Hi everyone, beginner question: can Datahub functi...
# getting-started
c
Hi everyone, beginner question: can Datahub function as a schema registry in a production environment? I.e. does it have feature parity with something like confluent schema registry?
s
It is not supposed to be used just as a schema registry. Please see https://datahubproject.io/docs/features for details
c
Thanks @square-activity-64562; I meant more in terms of parity/functionality with something like confluent schema registry. I.e. one can store schemas on Datahub, but confluent schema registry does that but also provides many utilities (e.g. the ease & functionality of using schema registry with kafka producer and/or serializer). Do any sort of packages exist within the Datahub ecosystem to assist when producing/consuming data?
i
No such feature currently exists, does not mean one could not exist in the future but it is extremely overkill. DataHub is much much more than just a registry of schemas. It’s scope is much larger and for a different use-case than confluent’s schema registry. Theoretically it is possible but the system was not designed for the use-cases like Kafka’s schema registry which are low-latency. Do you want to deploy a multi-component, distributed system which includes a relational database, elasticsearch, kafka and then all DataHub components just to serve as a schema registry for data & producers/consumers ?

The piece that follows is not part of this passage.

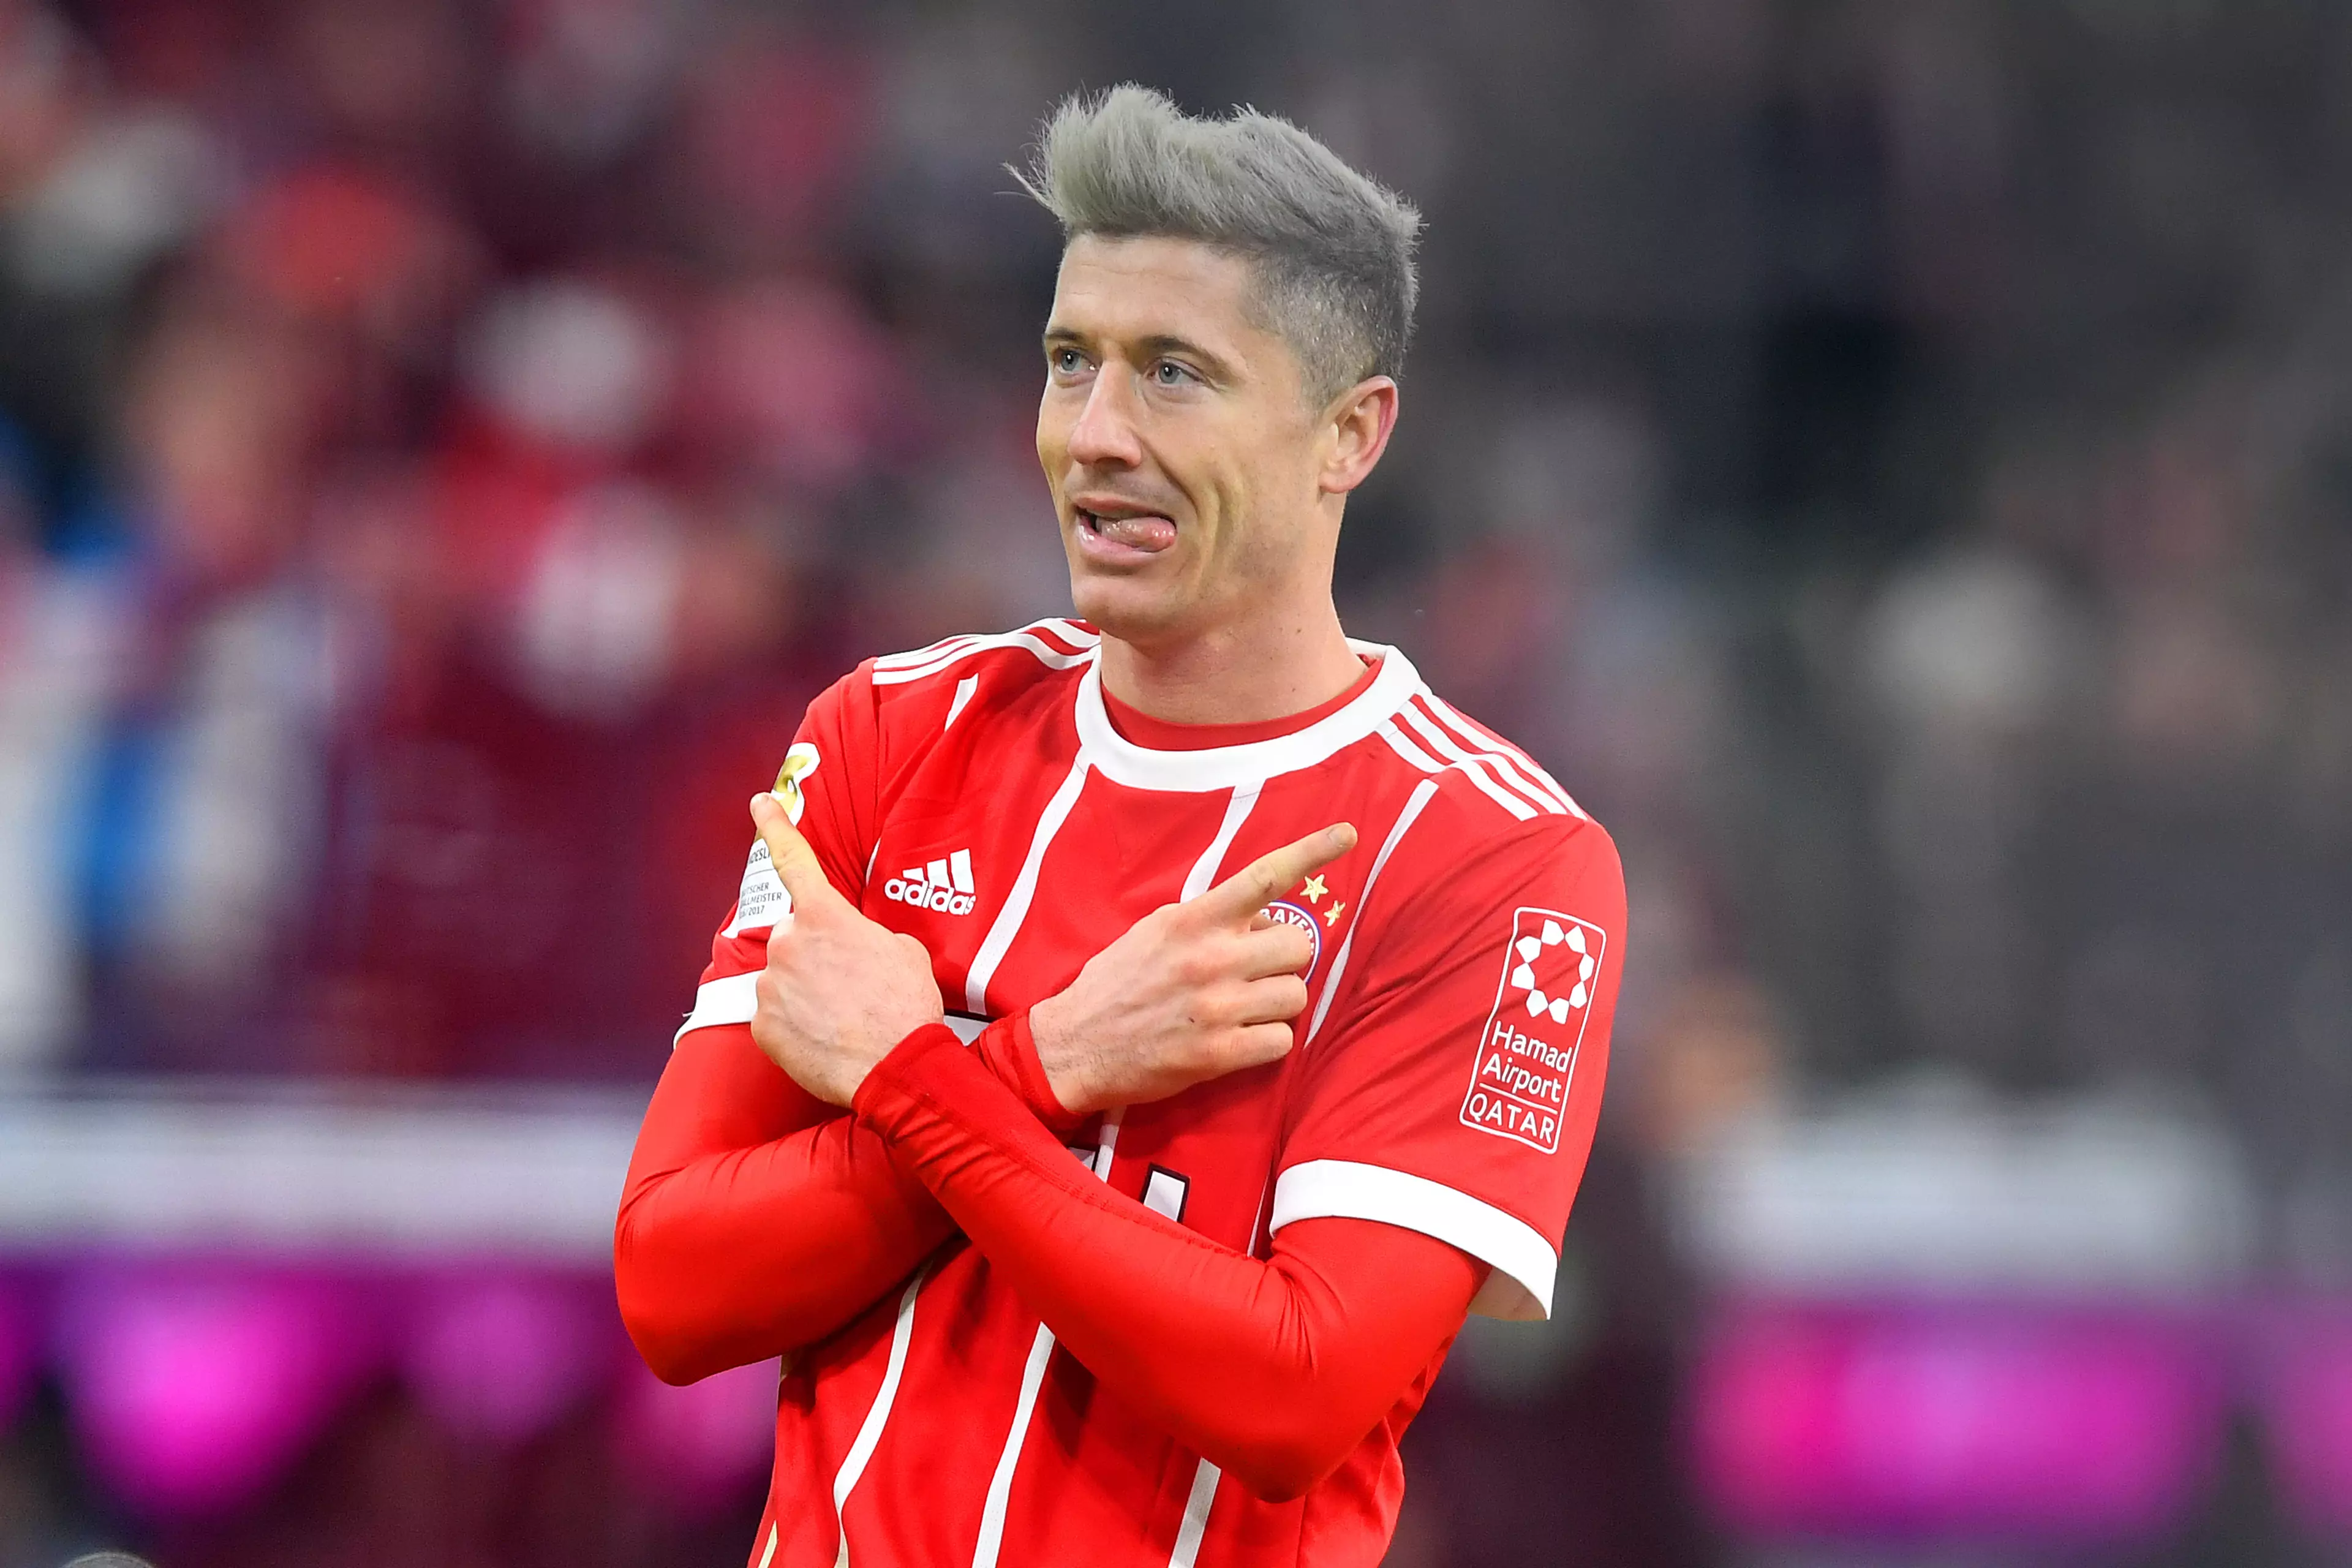 Lewandowski recently got his hair ready for the move. Image: PA

That said DataHub is a great component to have in your data stack if it becomes a central part of your data ecosystem where data producers emit metadata to DataHub and administrative tools consume metadata information from DataHub. I.e: Notifications when pipelines fail, datasets don’t meet certain expectations, etc…
c
I don't want DataHub as just a schema registry, but was curious if it could fulfill this use-case in addition to the other needs it meets
cc: @great-toddler-2251
m
Hey @colossal-sandwich-50049 this could work, but of course needs the wrapper libraries that perform schema registration and retrieval in the codecs.
We don't have any currently, but would welcome contribs in this area
c
Thanks @mammoth-bear-12532, would be keen to contribute if we build something like that in-house
g
thanks all; to provide a little context, we’re looking at DH to provide a key piece of the Data Mesh self-service platform, covering the discoverability of Data Products. Data Products have both a semantic schema as well as one or more syntactic schemas. The former is general, not (necessarily) specified by a specific format like Protobuf, Avro, GraphQL, SQL, etc. However, the latter, the syntactic schema, is one or more of those. A single Data Product can have multi-modal outputs, so both Avro and GraphQL for example. We’re exploring options at this point. DH could have the semantic schema, and we build support for generating syntactic schemas. This reduces the burden on the Data Product developers so they only need to know about and define one schema (format), the semantic one. Or we could just push it to the Data Products and they need to define and provide the schemas for each output type they support. But the key is that it’s not tied to a data*set* but to a data product, which could have many datasets (or none/infinite one for a streaming case). Hope that helps. 🙂